Some Tax Officials Do Uncommonly Well in the Stock Market
A new study finds trading by IRS officials beats the benchmark. Hmmmm.
I’m pretty worked up about this one so I’m gonna get right to it.
There’s a good chance that top-level officials at the IRS are trading stocks based on information the rest of us don’t have (that would be illegal). Either that, or they’re really lucky, because an “abnormal” amount of trades outperform the market. Some of the trades were over $1 million.
How long has this been going on? Why has no one reported it? Because no one ever thought to look at the performance of trades by top tax officials until two accounting professors from the University of Florida helped a graduate assistant pursuing a PhD. The graduate assistant used to do tax work for accounting giant EY. Their findings “suggest that IRS officials possess, and trade on, material tax-related information, and that these trades are associated with future tax enforcement outcomes for the firms.”
I called the authors of the study after seeing a blurb about their research in an excellent blog called Marginal Revolution.
“The IRS knows which years to buy and which years to sell,” Eashwar Nagaraj tells me. He’s the guy who used to work at EY. Shocking, right? “The abnormal returns were surprising to me,” says Prof. Michael Mayberry, one of Eashwar’s co-authors. He adds, “One other faculty member in the department said, ‘There’s no way you’re going to find [these] results.’”
Here’s what they discovered, with help from Prof. Scott Rane.
First, they got their hands on stock trades by senior IRS officials through a Freedom of Information Act request originally made by the Wall Street Journal. They looked at 5,000 trades made by 126 higher-ups at the tax agency between 2016 and 2020. Without getting too much into the weeds (you can read the entire paper here), they began looking at the timing of trades and whether they might be related to tax action (or inaction) by the IRS, information that would only be made public later, potentially affecting a company’s stock price.
They also looked at how many times a public company mentioned the IRS in its annual report filed with the Securities and Exchange Commission (more mentions = bad tax news). And they were especially focused on one figure that only tax geeks might find interesting in a company’s earnings report: how much money the firm set aside in case it gets audited and has to pay taxes for profits booked overseas at a lower tax rate. DON’T GLAZE OVER, THIS IS IMPORTANT. I call this the “just in case I get audited by the IRS” account. The lower the amount set aside, the less likely a company thought they might be audited, or the statute of limitations on a potential audit had run out. Yay! The higher the amount, the more likely the firm might be in trouble. Booo.
Keep Paying Attention!
What the professors found is that a lot of times, like, thousands of times, senior IRS officials were buying shares of companies months before good tax news was made public, and selling shares right before bad tax news came out.
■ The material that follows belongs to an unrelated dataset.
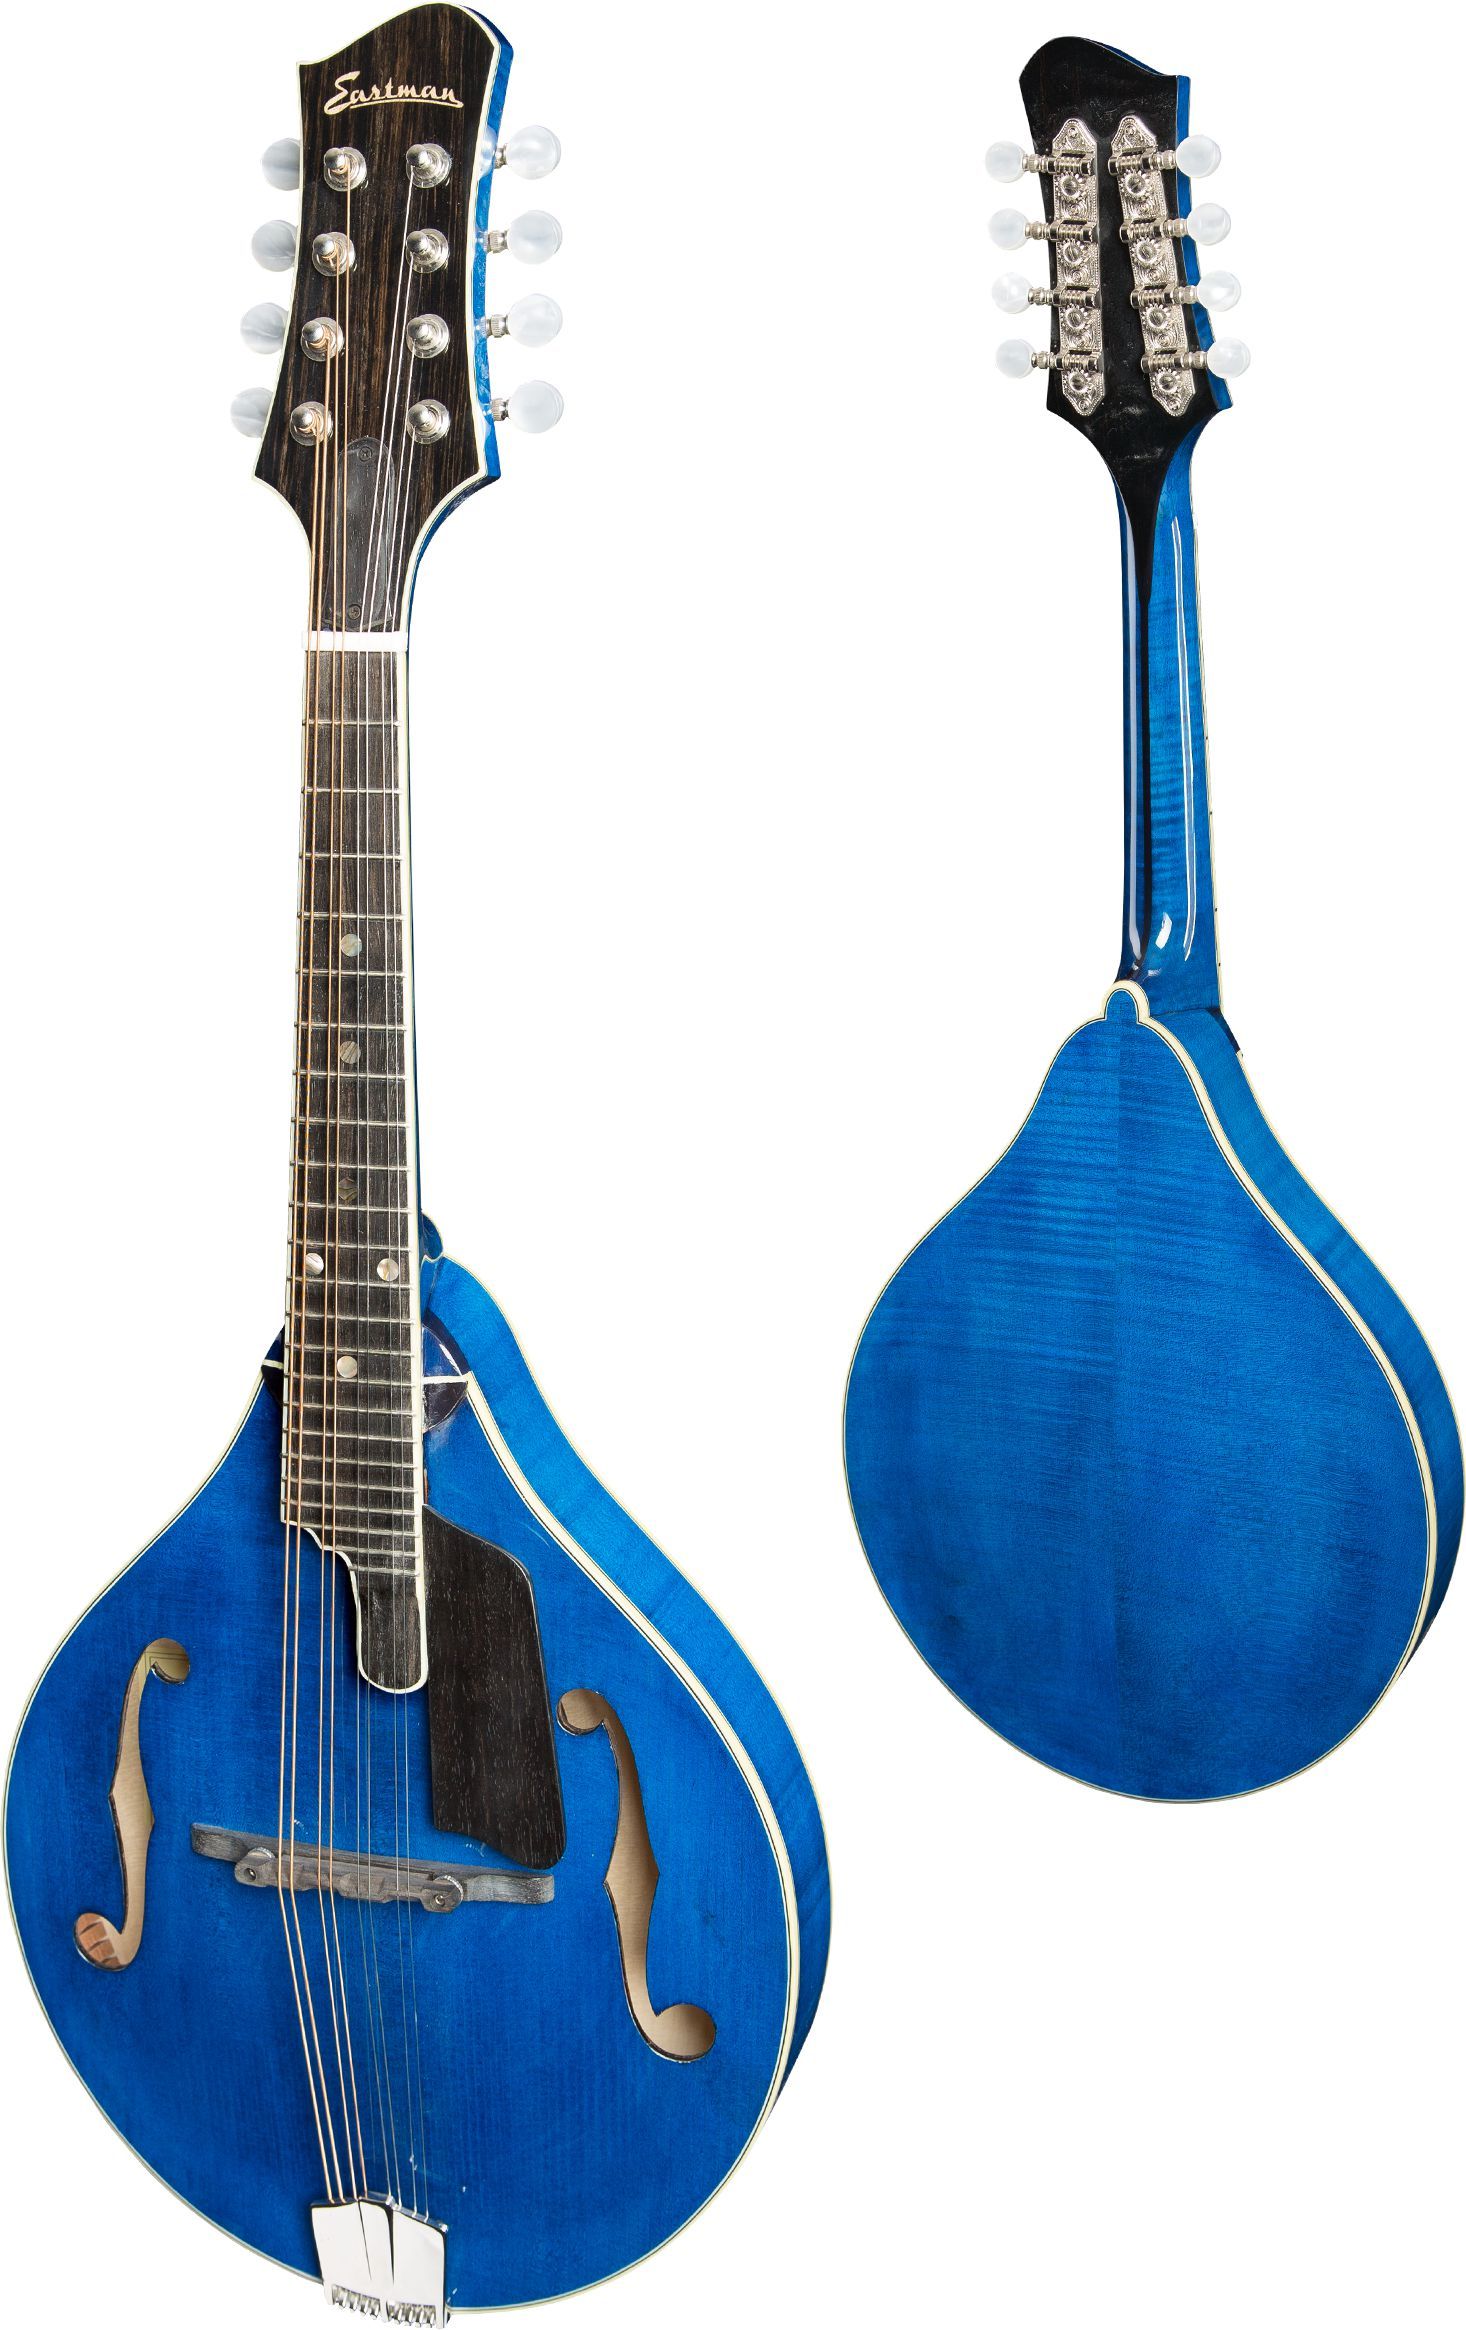 Eastman MD805PGE Same specs as MD805 Mandolin (but Honeyburst Gloss nitro finish and KnK twin mandolin pu, w/Case), Mandolin for sale at Richards Guitars.

For example, Amgen added a lot of money in its reserve account for potential penalties in 2016 and 2017, over $400 million a year. But the company added significantly less in 2018, only $173 million. That drop indicated good tax news.
At least one person at the IRS bought Amgen stock ahead of the good news going public, according to the study. In the year between the filing of the 2017 and 2018 annual reports, Amgen shares rose 7%, while the S&P 500 rose 2%.
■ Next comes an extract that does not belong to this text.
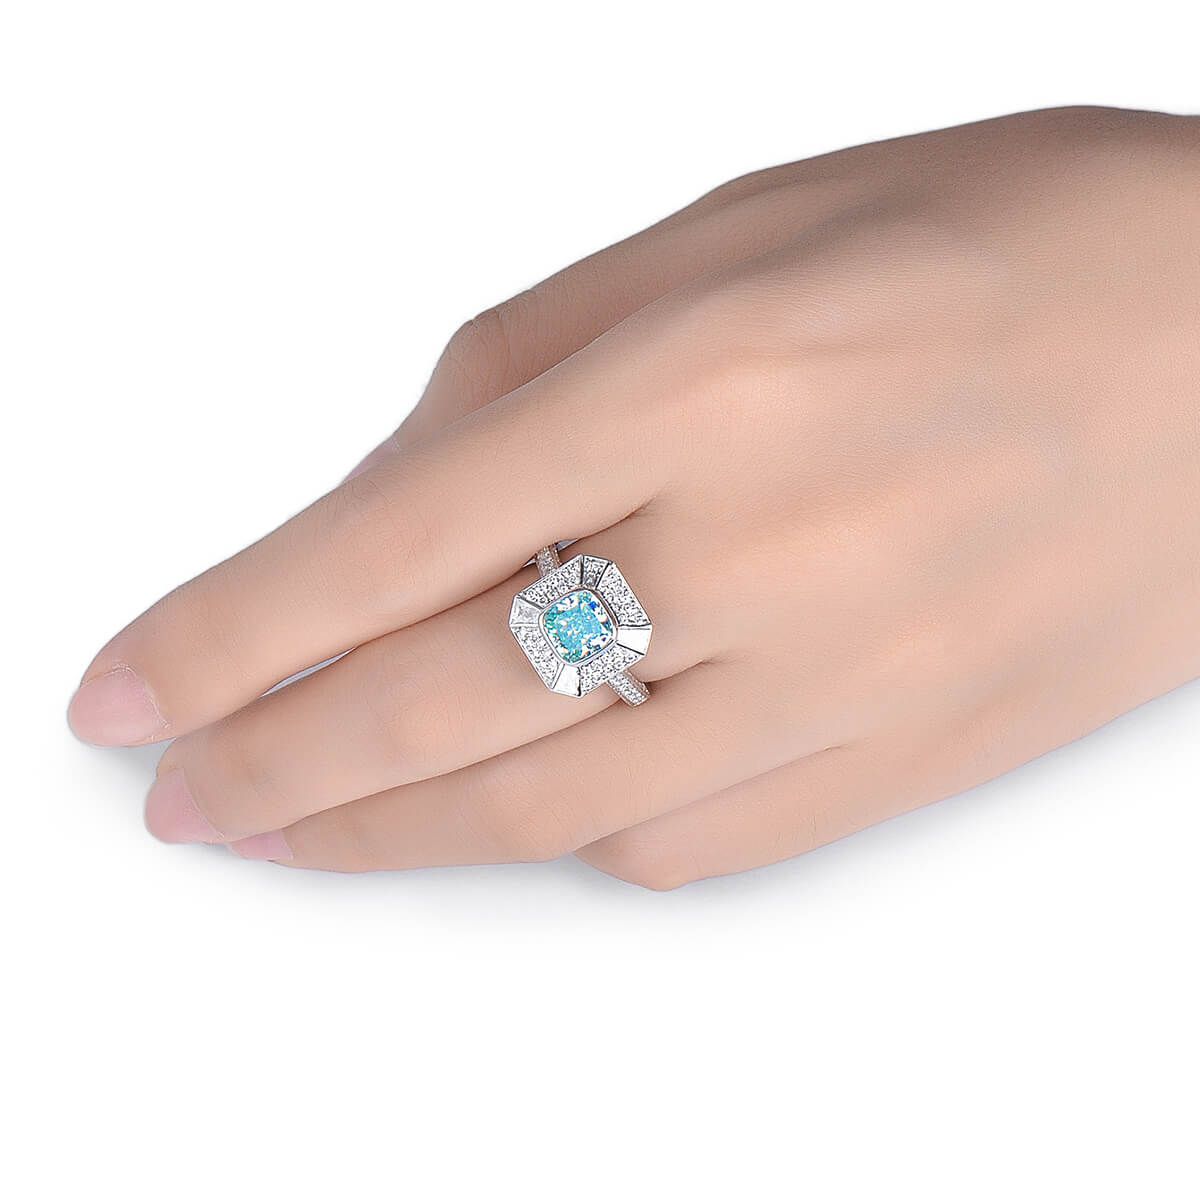 Light Green Diamond Ring, 2.01 Ct. (2.87 Ct. TW), Cushion shape, GIA Certified, 2183439941

This is the important part. The researchers say that, on average, the successful trades made by the senior IRS officials outperformed the market by as much as 3.5%. That’s a lot. Eashwar Nagaraj calls it “a significant finding… perhaps even larger than [academics] would think is plausible.”
Maybe the guys at the IRS are really smart traders. Eashwar and his co-authors compared the results to similar trades made by higher-ups at the Treasury Department, thinking those people might also be smart about the markets. The Treasury traders did not have the same outperformance based on the same metrics.
But here’s the kicker.
Nearly all of the trades were under $15,000, because (checks blood pressure) it is completely okay for federal officials to make $15,000 trades — it’s considered too small an amount to create a conflict.
“I’m a professor, $15,000 is a large amount of money to me,” Michael Mayberry says. “Maybe it’s immaterial to Jeff Bezos, but these [officials] are not Jeff Bezos.”
Not all of the trades were under $15,000. About 6% of them were really big. Eashwar says that dozens of single trades were over $500,000, or even $1 million. Who at the IRS has that kind of money? “My take is that there’s a lot of lawyers in the sample who are partners in law firms, who do stints at the IRS and then go back to their law firms,” he tells me. Or maybe they come from money, or married into it. Who knows…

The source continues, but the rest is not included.